Amazon S3 Backup Testing Results

Digg this article

So, I’ve been playing around with Amazon’s new S3 service. It’s essentially an on-demand storage-and-bandwidth combination; Amazon will scale their service transparantly to provide as much as you need of either. It’s pretty cheap, too, at $0.15 per GB per month for storage and $0.20 per GB per month for data transfer. I wanted to see what would be the best way to use Amazon S3 for backups with Amanda and MySQL ZRM, so I did some tests to evaluate the performance under various circumstances.

Amazon requires that you upload data in complete ‘objects’, and it wasn’t clear to me what the optimal object size was. I wrote a script that attempts S3 uploads while randomly varying the number of concurrent object uploads and size of each object. Data transfer amount was fixed at 100 MB per trial.

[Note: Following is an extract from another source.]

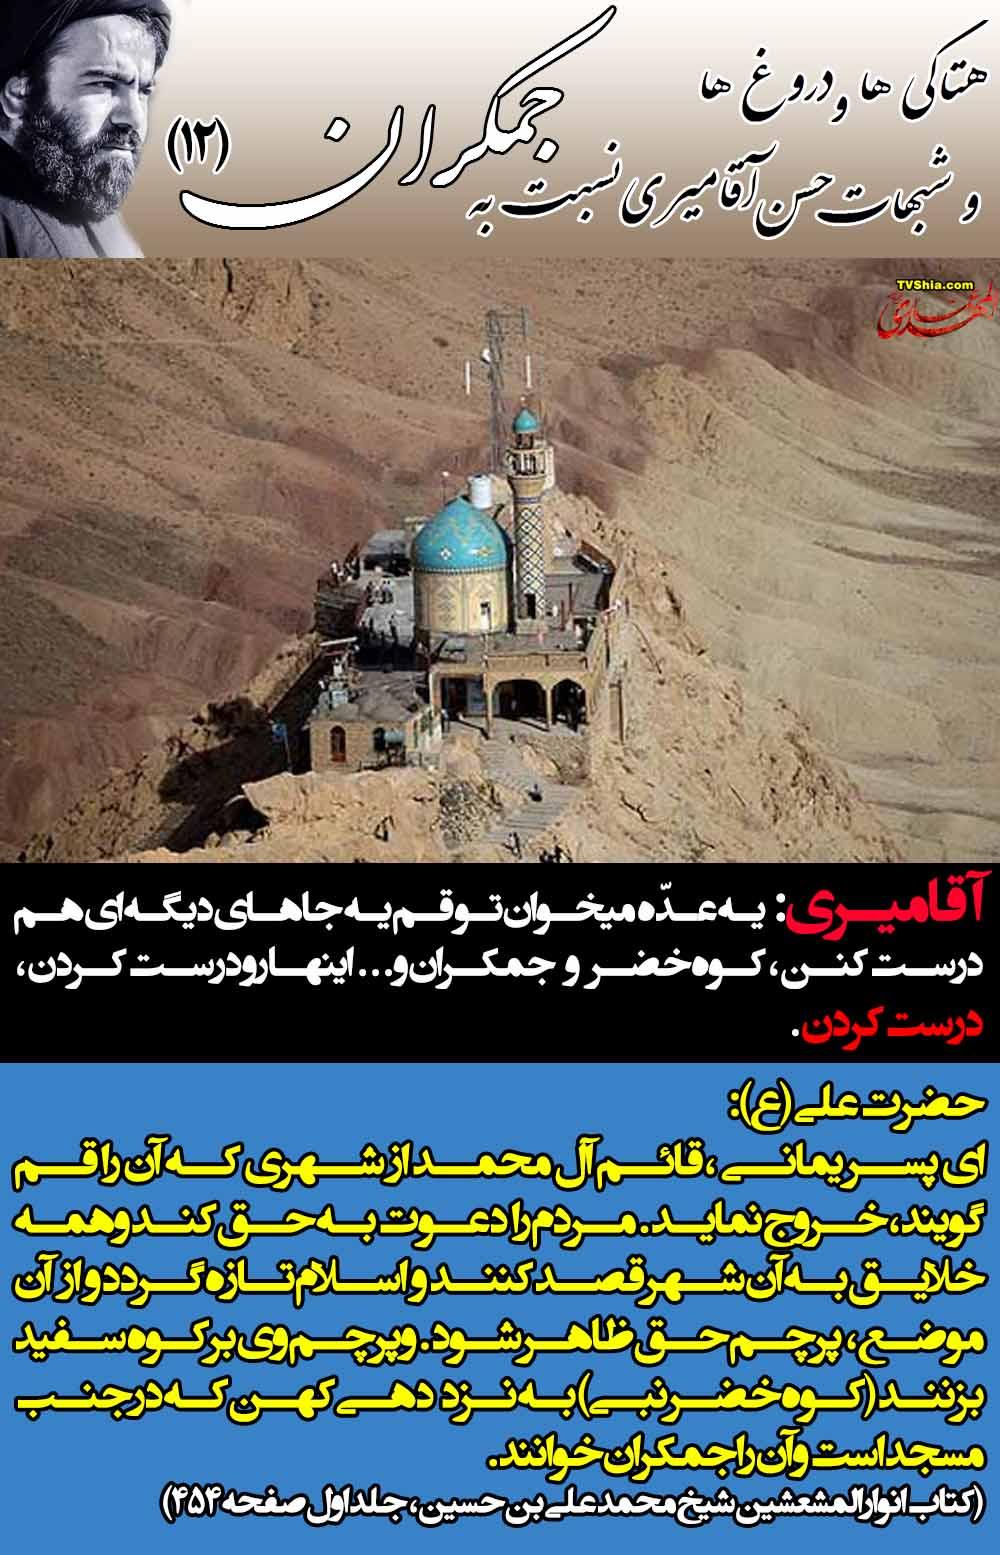 دوازده جواب در دفاع از مسجد دوازدهمین اختر/ پوسترهای دفاعیه در مقابل شبهات آقامیری به جمکران

The first thing that I discovered in my testing is that requests to Amazon S3 frequently fail. There seems to be a variety of causes for this, but the best solution I could find was to simply retry failed requests. So I changed the script to retry any particular request up to 100 times. Eventually I want to find a better solution for the variety of transient error messages that come back.
Then I gave it a run. I ran it under three conditions: On a T1 office connection, on a home cable modem with no other network applications running, and on the same cable modem while already saturated with other requests (in both directions).

Mostly because of the small data size (due in turn to lower bandwidth), results from the cable modem were not statistically significant, but I was able to make the key observation that of the tests on the congested connection, only one set of uploads succeeded (all the others reached the 100-retry limit on at least one object). The one successful upload was single threaded with a relatively small object size.

Since the T1 is a faster connection, I collected more data (n=282) and was able to make some formal statistically conclusions of statistical significance. Comparing the threaded and non-threaded cases, I used Student’s t-distribution with t=1.72 and df=29.24 to arrive at p=0.0481 for the hypothesis that performance is faster with threading. Note however that, although significant, the added performance was tiny: threaded trials were on average only 3% faster than unthreaded trials.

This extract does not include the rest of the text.